A reparação não deve conter aspectos penais, como já afirmado anteriormente, porém a indenização deve ser vista como uma forma reguladora das atividades humanas, visto que as pessoas pensariam duas vezes ao tentar praticar atos danosos ao direito ou interesses de outrem, uma vez que teriam que ressarcir a vítima pelo dano sofrido.

Deste modo, feita essa análise da Responsabilidade Civil Subjetiva, é agora necessário, para que se possa chegar ao objetivo desta monografia, que consiste em identificar se existe ou não a obrigação de reparar o dano causado ao Meio Ambiente por parte das Agências Reguladoras, a análise da Responsabilidade Civil do Estado, uma vez que, como poderá ser visto mais adiante, esses entes reguladores fazem parte da Administração Pública Indireta e, por isso, torna-se sobremodo importante a apreciação da Responsabilidade Civil do Estado.

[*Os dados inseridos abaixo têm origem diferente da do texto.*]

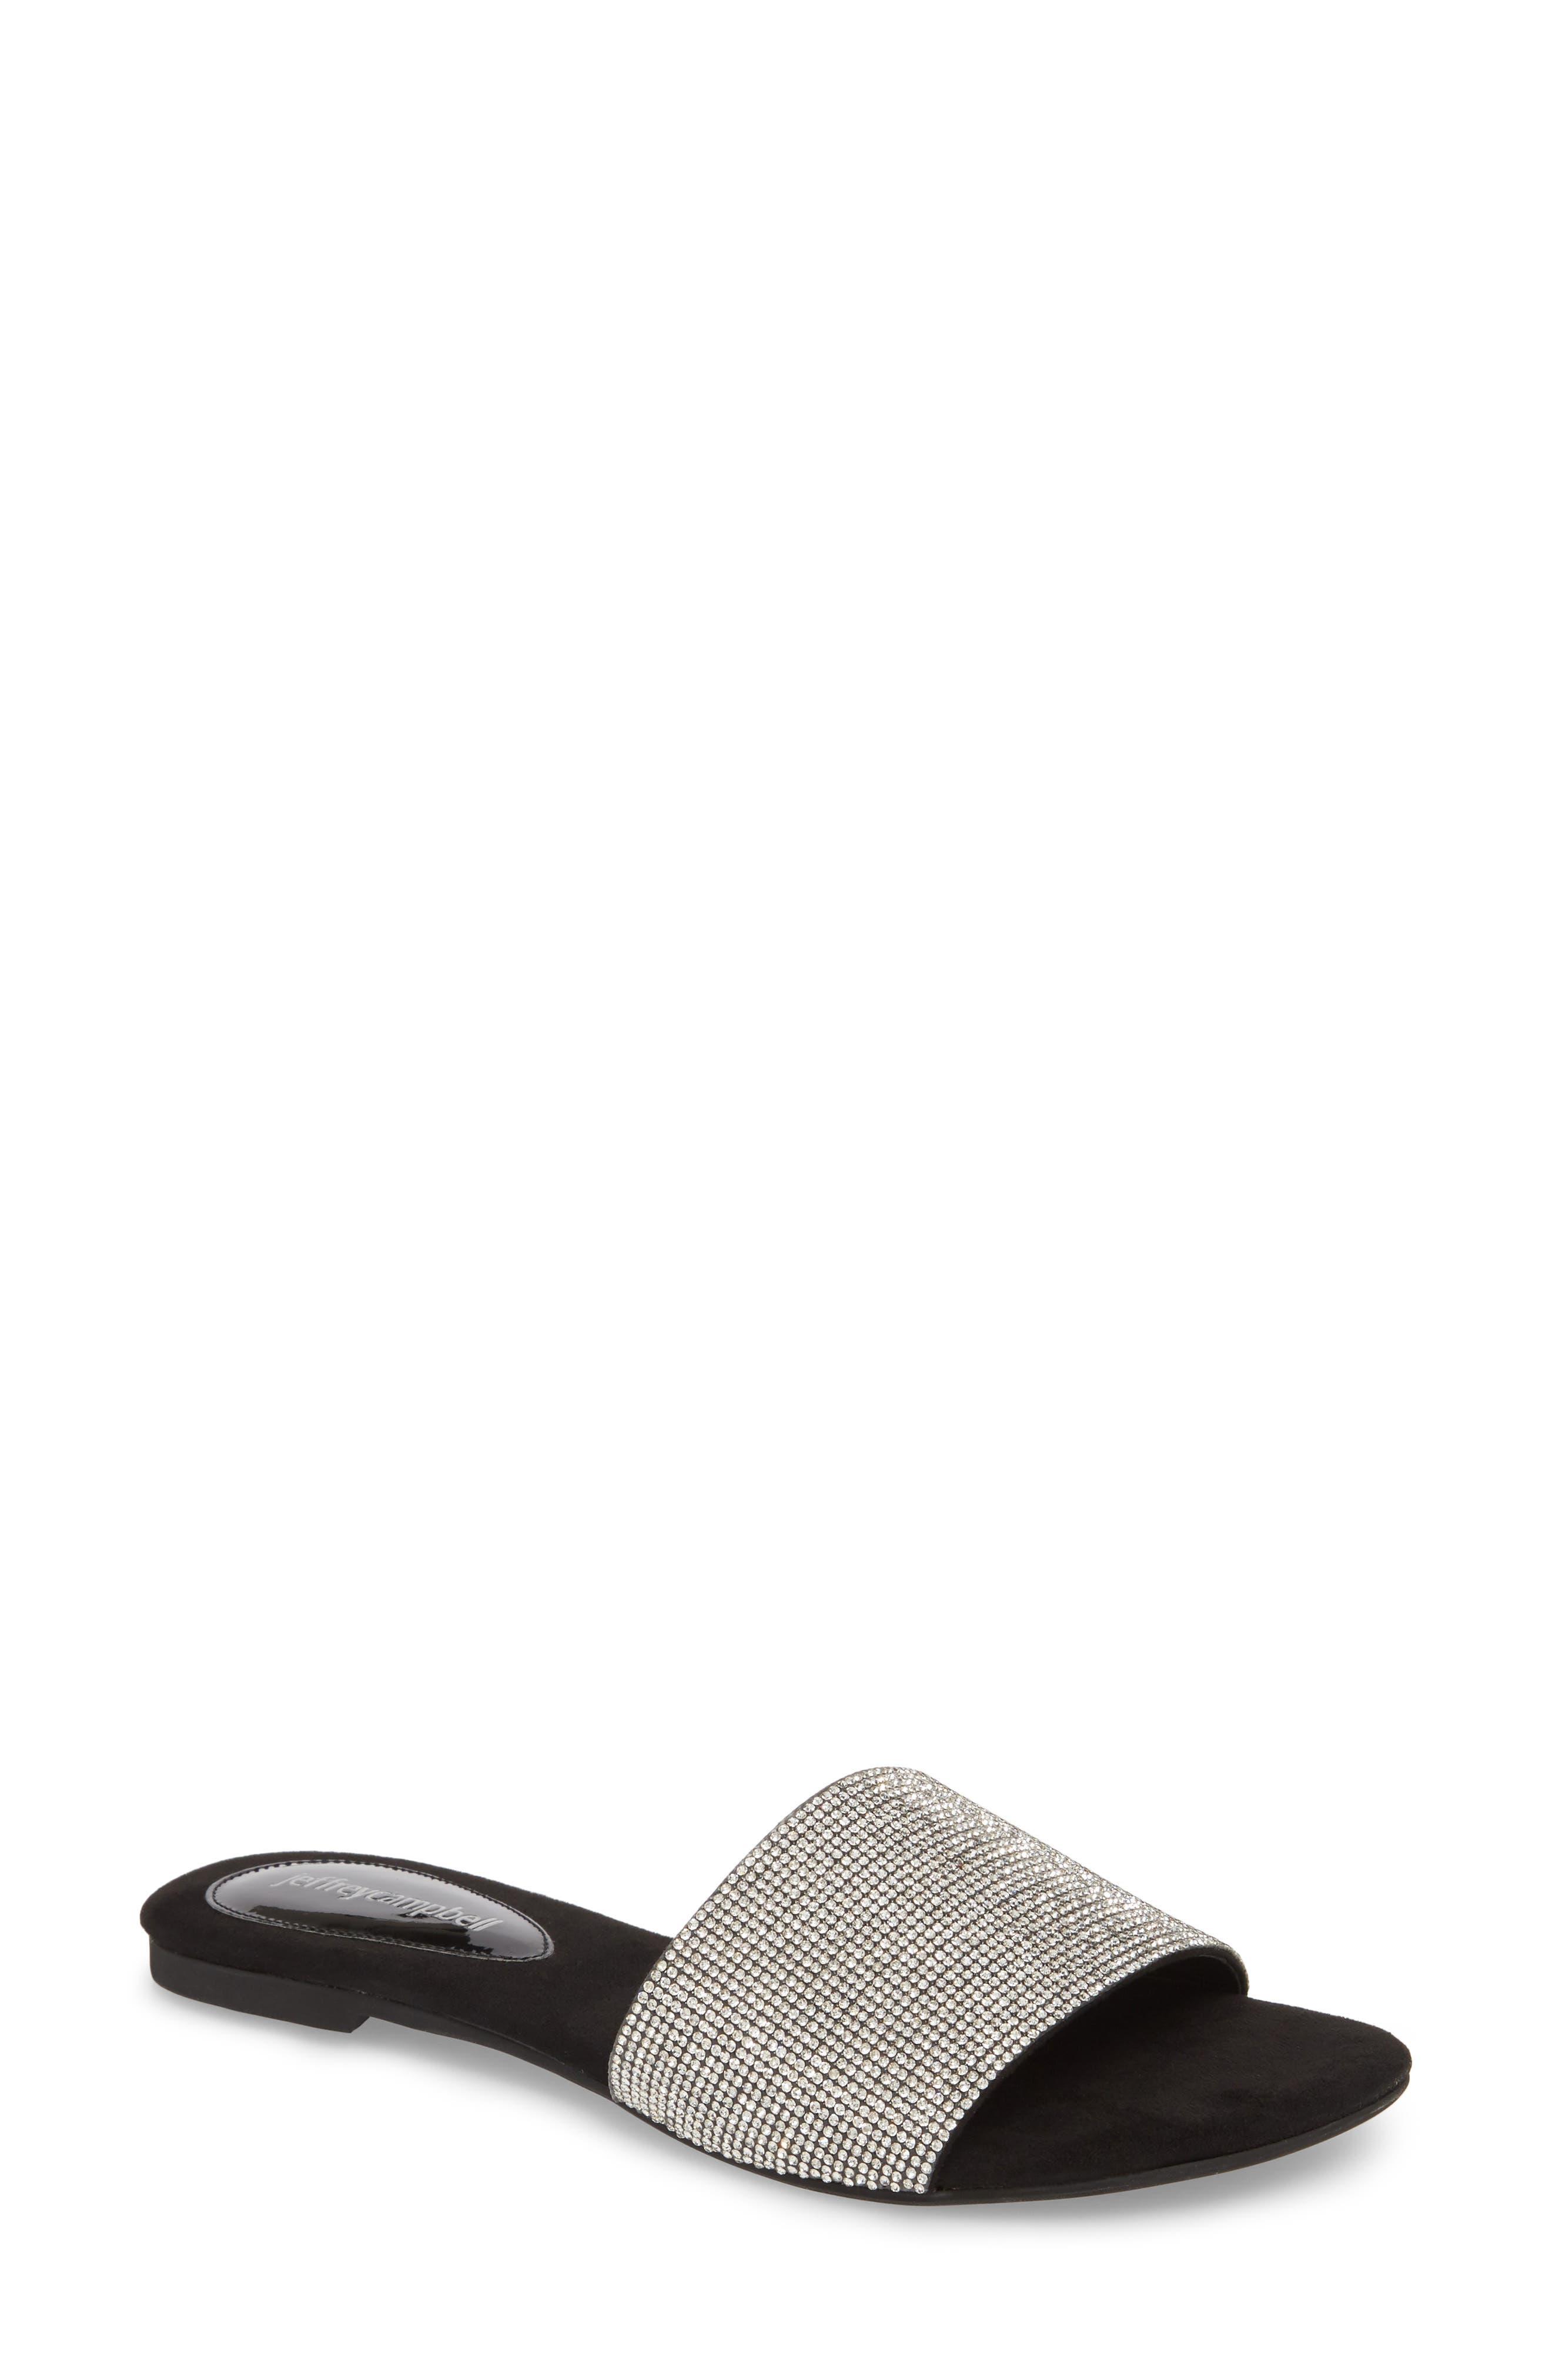 Sparque Embellished Slide Sandal,                             Main thumbnail 1, color,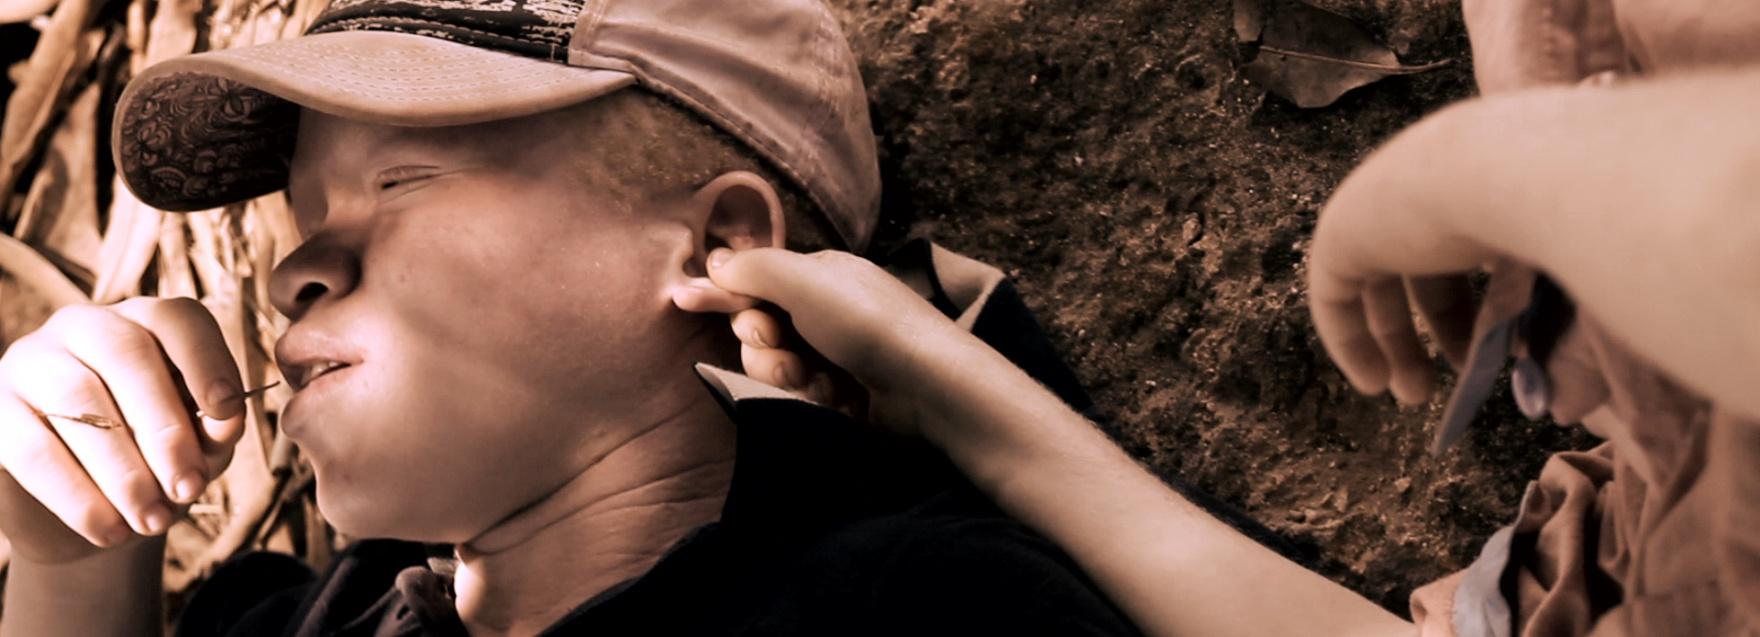 randki w dar es salaam spotyka się z byłą dziewczyną z bractwa

1.3 RESPONSABILIDADE CIVIL DO ESTADO

A Responsabilidade Civil do Estado por danos causados aos indivíduos tem assumido, através dos tempos, várias feições. Remotamente, o Estado não podia ser responsabilizado; prevalecia a Teoria da Irresponsabilidade Absoluta da Administração. Dessa teoria evoluiu-se para a Teoria da Culpa, firmando-se necessário distinguir o que era ato de império e o que era ato de gestão, e atribuindo-se a culpa aquiliana – que se origina da inobservância de um dever legal preexistente a qualquer ato privado – somente aos últimos atos. Por fim, desenvolveu-se a Teoria da Responsabilidade Objetiva, ou Administrativa, que na verdade é a responsabilidade atribuída ao ente estatal que praticou o ato, independentemente desse ato ser de império ou de gestão; aqui, pouco importa se houve culpa ou dolo do agente público exigindo-se, apenas, o nexo causal entre o dano e a conduta comissiva ou omissiva estatal.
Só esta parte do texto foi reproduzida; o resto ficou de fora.